[[ INFORMATION PROVIDED open ]]
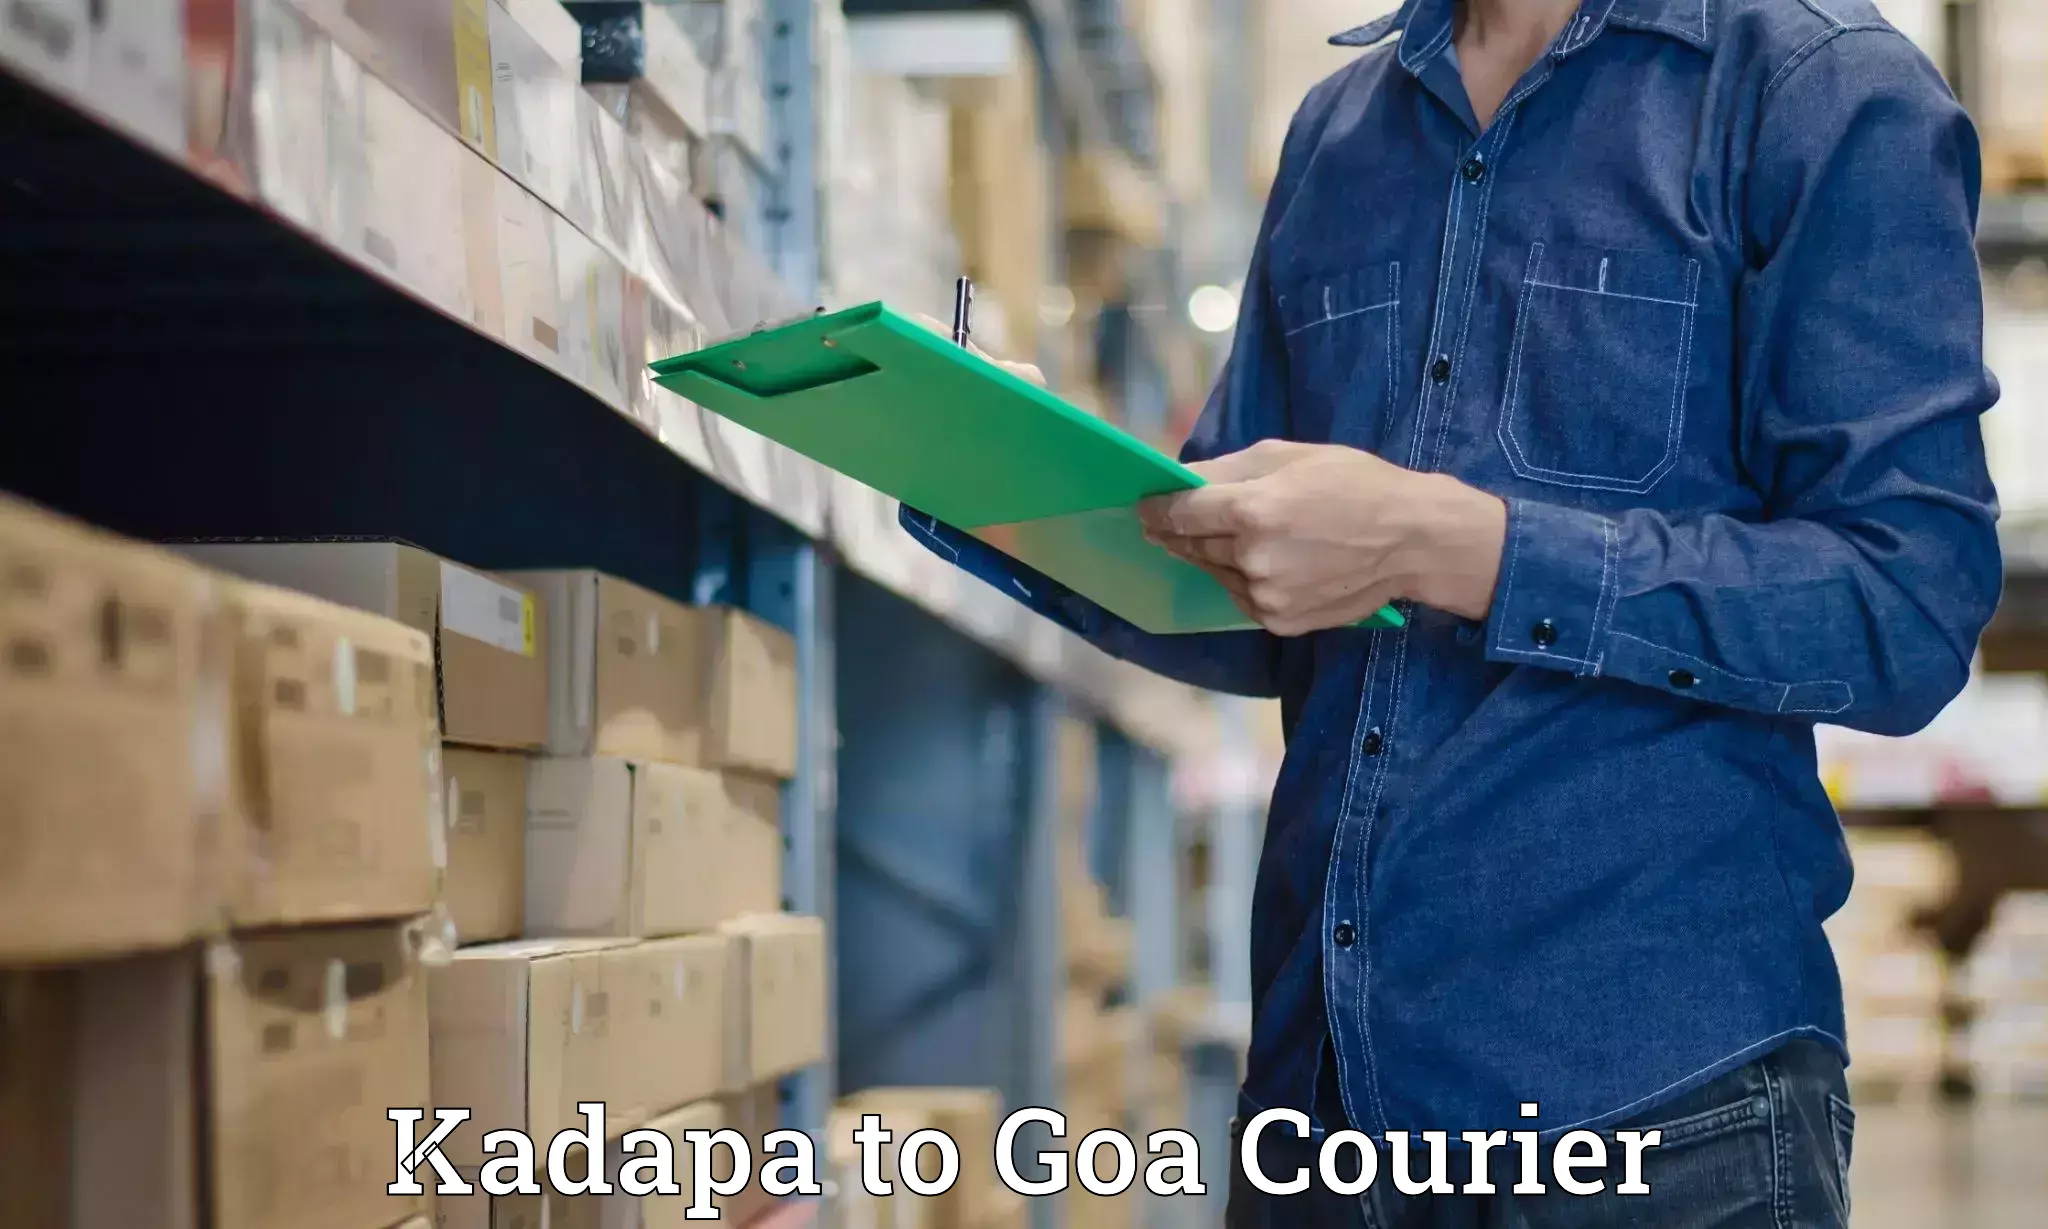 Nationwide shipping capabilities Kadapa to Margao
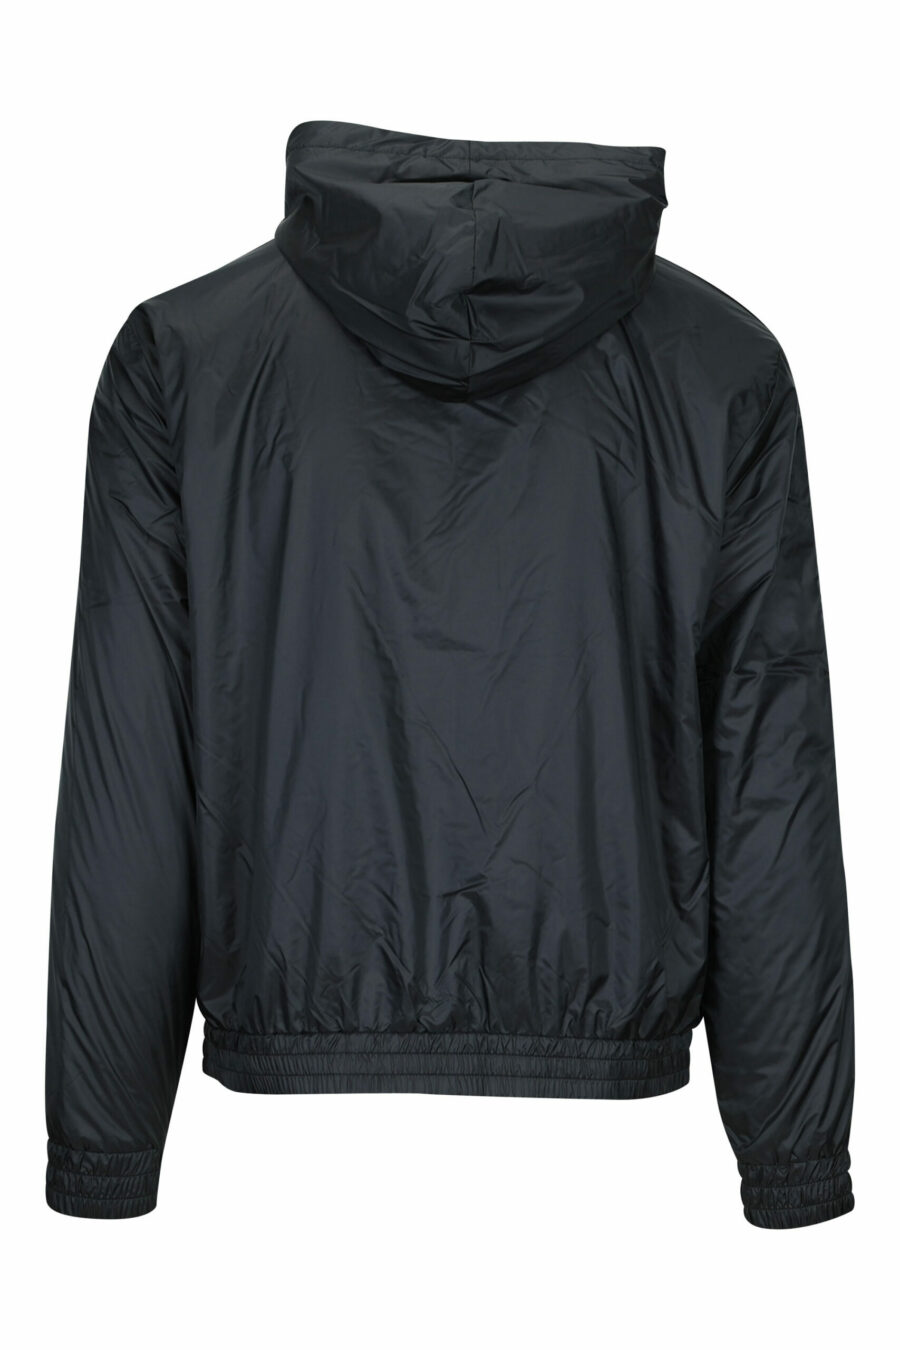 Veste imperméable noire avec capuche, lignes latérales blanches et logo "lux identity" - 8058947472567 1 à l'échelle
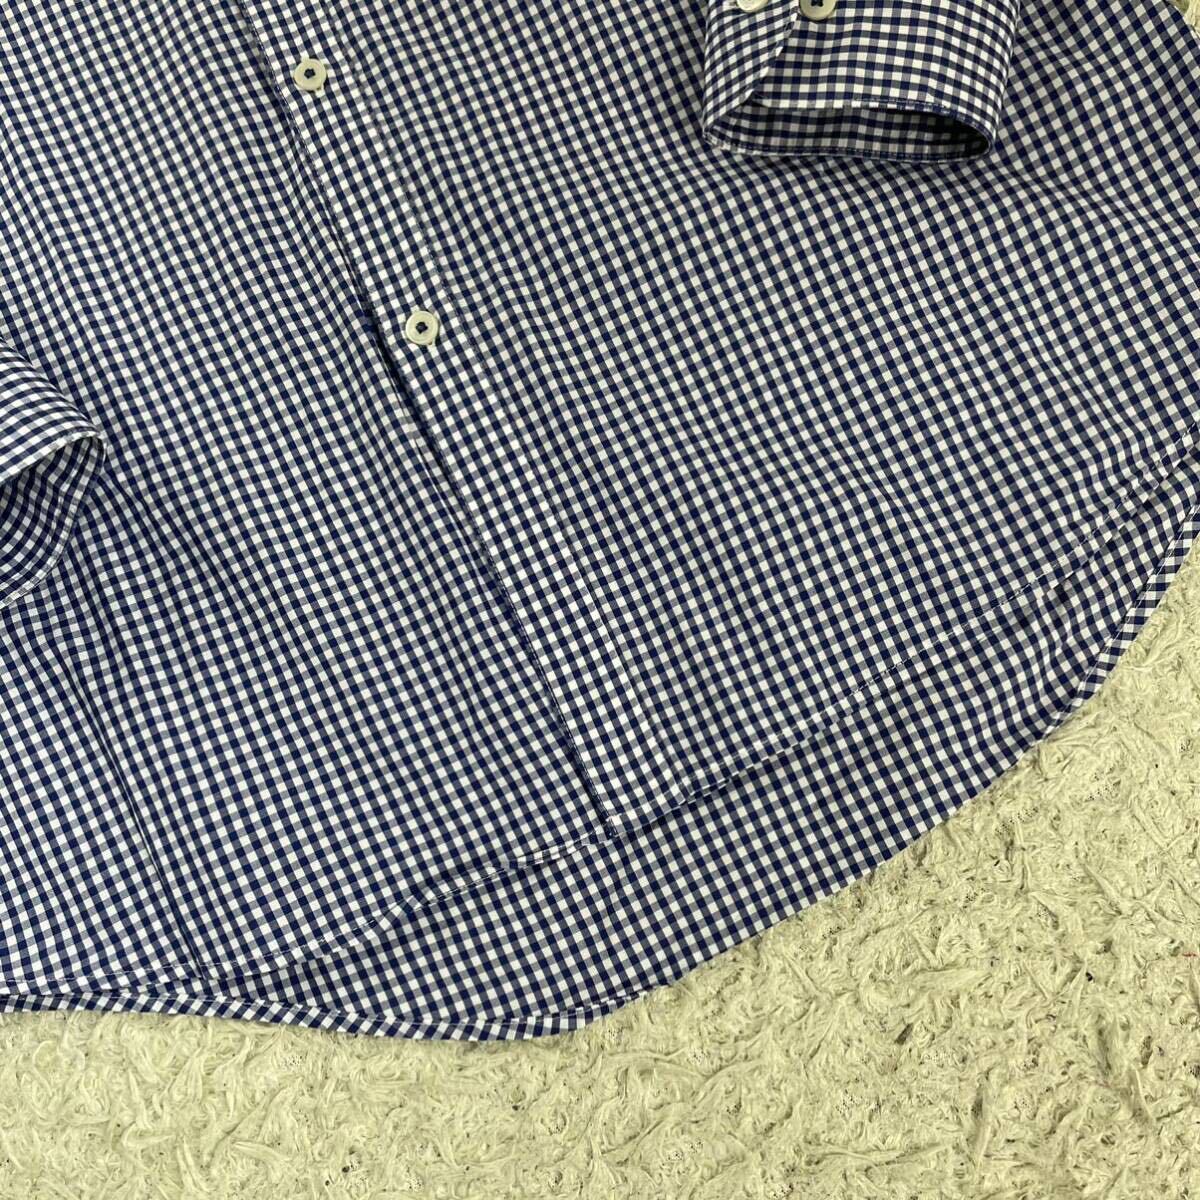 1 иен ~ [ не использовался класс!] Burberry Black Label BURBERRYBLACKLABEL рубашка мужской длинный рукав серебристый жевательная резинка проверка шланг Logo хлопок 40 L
[[ INFORMATION PROVIDED closed ]]
Line by line, return the listing above exactly, dropping every picture.

**RESULT:**
 Nationwide shipping capabilities Kadapa to Margao
 Veste imperméable noire avec capuche, lignes latérales blanches et logo "lux identity" - 8058947472567 1 à l'échelle
 1 иен ~ [ не использовался класс!] Burberry Black Label BURBERRYBLACKLABEL рубашка мужской длинный рукав серебристый жевательная резинка проверка шланг Logo хлопок 40 L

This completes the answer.